Fig. 7 is a graph comparing the performance of iridium molybdenum oxide amorphous material and a commercial catalyst for a two-electrode acid environment full hydrolysis system.
Detailed Description
The invention is described in detail below with reference to the figures and specific embodiments. The following examples are carried out on the premise of the technical scheme of the invention, and detailed embodiments and specific operation processes are given, but the scope of the invention is not limited to the following examples.
Example 1
And (3) preparing the nano iridium molybdenum oxide amorphous composite material.
First, a quantity of molybdenum acetylacetonate is applied in a volume ratio of about 4:1 of the aqueous solution A of the water/ethylene glycol mixed solution is dissolved to obtain a molybdenum acetylacetonate dispersion B. Subsequently, a chloroiridic acid solution was added into dispersion B and mixed to make an iridium concentration (about 2mM L) -1 ) And molybdenum acetylacetonate (about 3mg ml) -1 ) The mixed solution of water and glycol is used as the reaction solution of the system, and the glycol in the solution is simultaneously used as Ir in the chloroiridic acid 4+ A metal precursor reducing agent. Next, the reaction solution was placed in an ultrasonic cleaner and dispersed at full power of 300W for at least 30 minutes. And after the ultrasonic dispersion is finished, adding magnetons into the reaction solution, and continuing to perform magnetic stirring dispersion, wherein the rotating speed is kept above 900rpm, and the stirring time is not less than 12h. And immediately putting the PPL lining filled with the uniformly dispersed reaction liquid into a Teflon hydrothermal reaction kettle, carrying out solvent heat sealing reaction for 6-48 hours at 160 ℃, then, completing material recovery and cleaning by centrifugal separation, and naturally drying at room temperature. The dried product is subjected to ultrasonic dispersion cleaning for multiple times by using hydrochloric acid with the concentration of one mole, and is kept stand for 1-6 hours, and the product is subjected to centrifugal cleaning and drying again to obtain high-purity nanoscale dispersed iridium molybdenum oxideA compound amorphous composite material.
The transmission and scanning transmission electron microscope images of the amorphous composite material of the nano iridium molybdenum oxide prepared by the embodiment are shown in fig. 1-2, and it can be seen from the images that in the high-angle annular dark field image, the amorphous material exists in a whole block and has no obvious particle distribution. Under a high-definition transmission electron microscope, the iridium molybdenum oxide amorphous composite material can be observed to have the size of about 50-100 nanometers and be horizontally dispersed in a nanometer mode, the appearance of a crystal face and the existence of lattice stripes are not observed under the high-definition transmission electron microscope, and a lattice does not appear in Fourier analysis.
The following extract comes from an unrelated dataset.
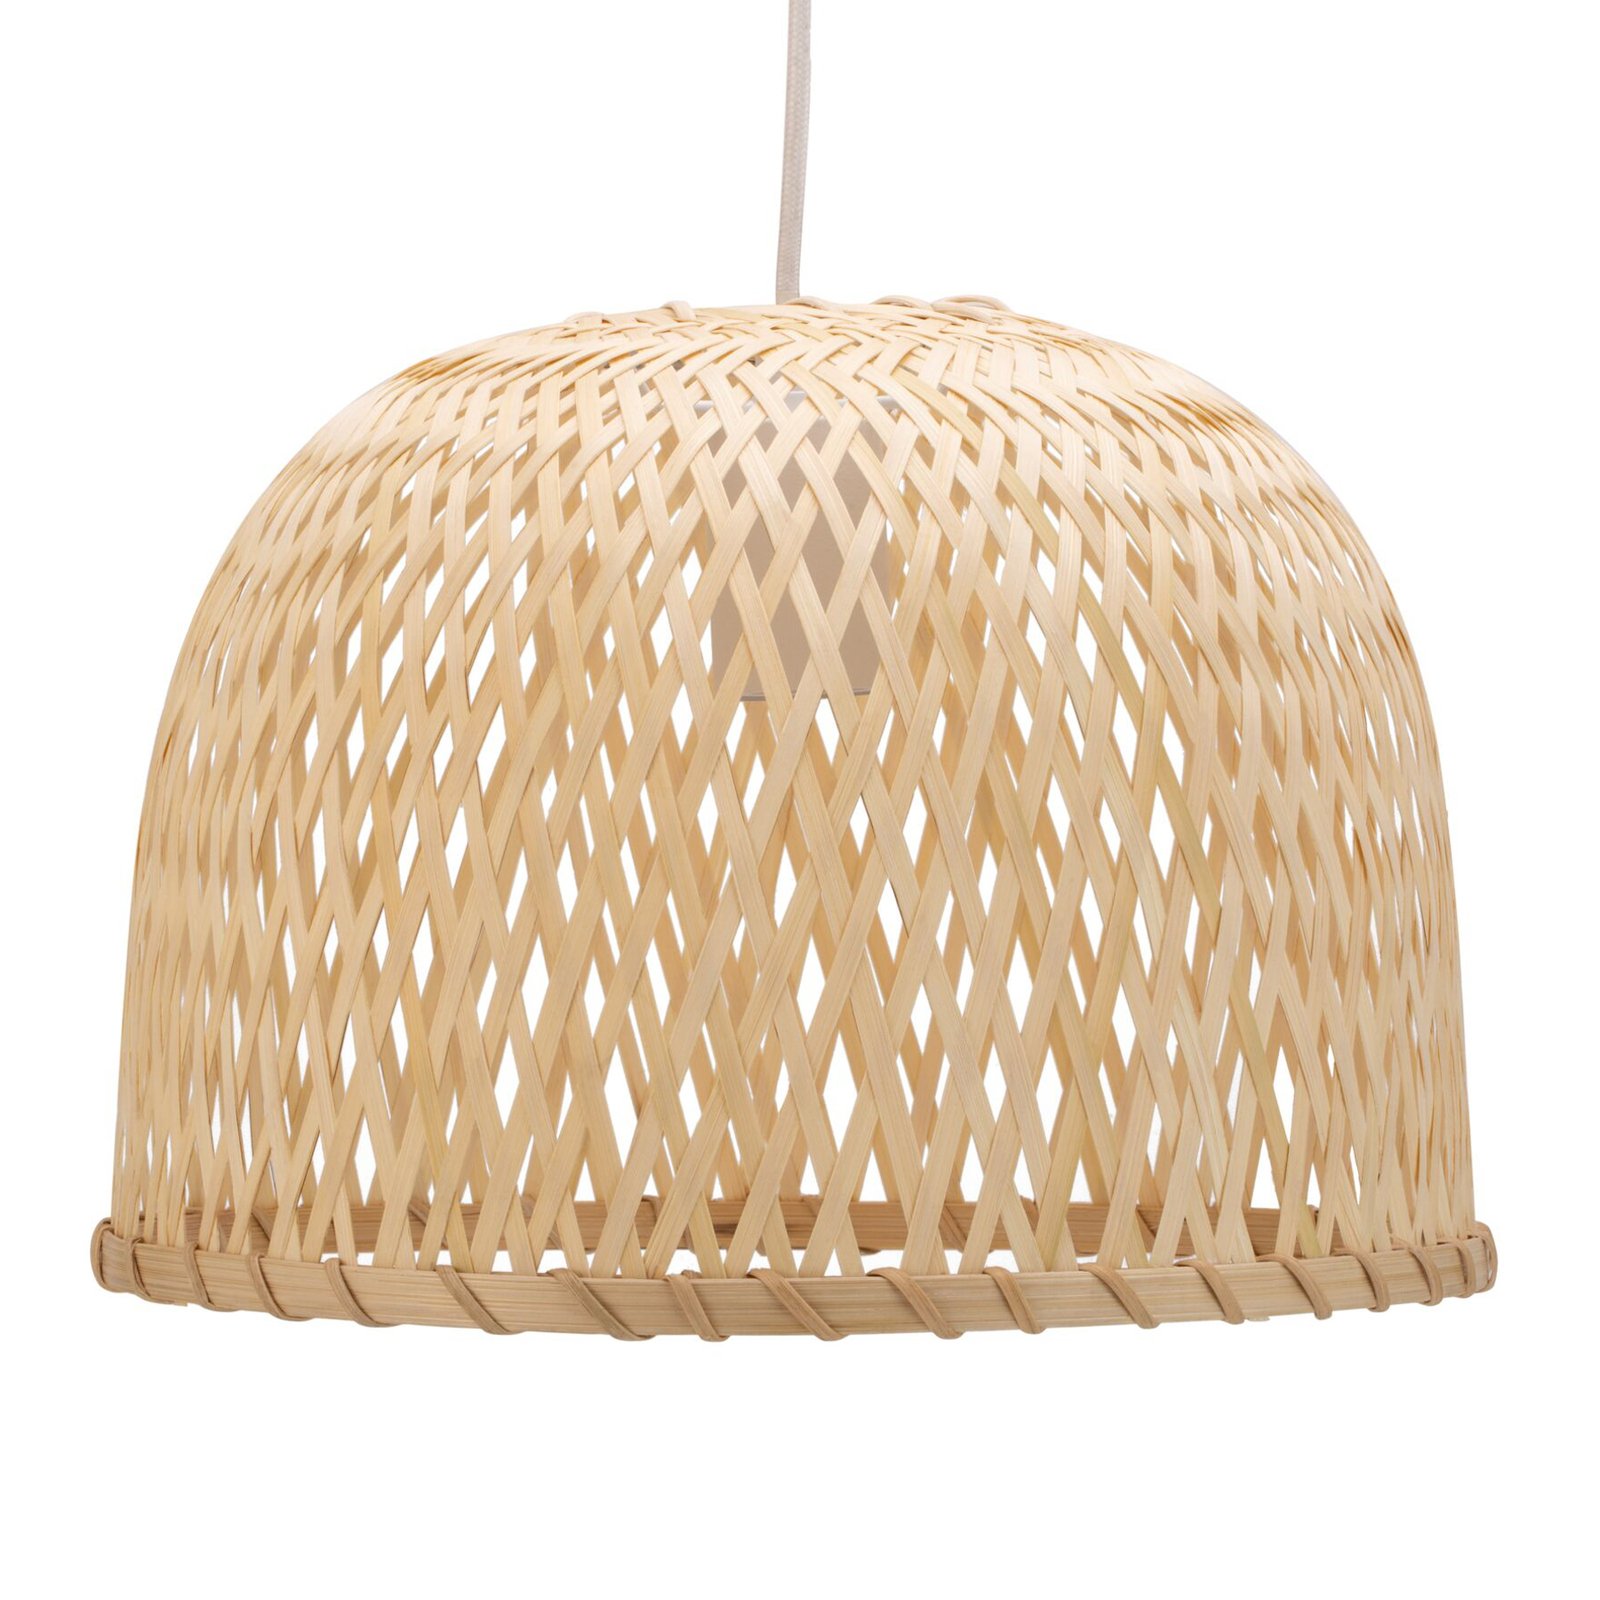 Pauleen Woody Pearl hanglamp met bamboe kap

The nano-scale iridium molybdenum oxide amorphous composite material prepared by the embodiment is used for hydrogen evolution, oxygen evolution and total hydrolysis reaction. The sulfuric acid solution with the electrolyte concentration of 0.5 mol/L is adopted in the test, the test method is that ink fully mixed with the nanoscale iridium molybdenum oxide amorphous composite material and the nanocarbon is dripped on a glassy carbon electrode with the diameter of 5 mm, the glassy carbon electrode is manufactured after complete drying, then the relation between voltage and current density is tested through a three-electrode system (silver/silver chloride is used as a reference electrode, and a carbon rod is used as a counter electrode), and the results are shown in fig. 3, fig. 4 and fig. 6, which show that the composite material in the embodiment has excellent oxygen evolution catalysis performance, and the overpotential only needs 361 millivolts under the current density of 100 milliamperes per square centimeter. And simultaneously has excellent stability of acidic oxygen evolution reaction. Under a scanning transmission microscope, the nano iridium molybdenum oxide amorphous composite material can be observed to be fully dispersed and become fine nanoclusters loaded in 40-60 nanometer carbon spheres.
Example 2
Preparing the nanometer iridium cerium oxide amorphous composite material.
Firstly, weighing a certain amount of cerium acetylacetonate, and dissolving the cerium acetylacetonate in an aqueous solution A of a water/ethylene glycol mixed solution with a volume ratio of 4:1 to obtain a cerium acetylacetonate dispersion B. During this time, chloroiridic acid was added into dispersion liquid B and mixed to make a water/ethylene glycol mixed solution of iridium concentration and cerium acetylacetonate as a reaction solution. Next, the reaction solution was placed in an ultrasonic cleaner and dispersed at a full power of 300W for 30 minutes. And after the ultrasonic dispersion is finished, adding magnetons into the reaction solution to continue magnetic stirring dispersion, and keeping the rotation speed at more than 900rpm for not less than 12h. And immediately putting the PPL lining filled with the uniformly dispersed reaction liquid into a Teflon hydrothermal reaction kettle, carrying out solvent heat sealing reaction for 6-48 hours at the temperature of 160 ℃, completely completing material recovery and cleaning by utilizing centrifugal separation, and naturally drying at room temperature. Thus obtaining the nano-dispersed iridium cerium oxide amorphous composite material.
Example 3
Preparing the nano iridium iron oxide amorphous composite material.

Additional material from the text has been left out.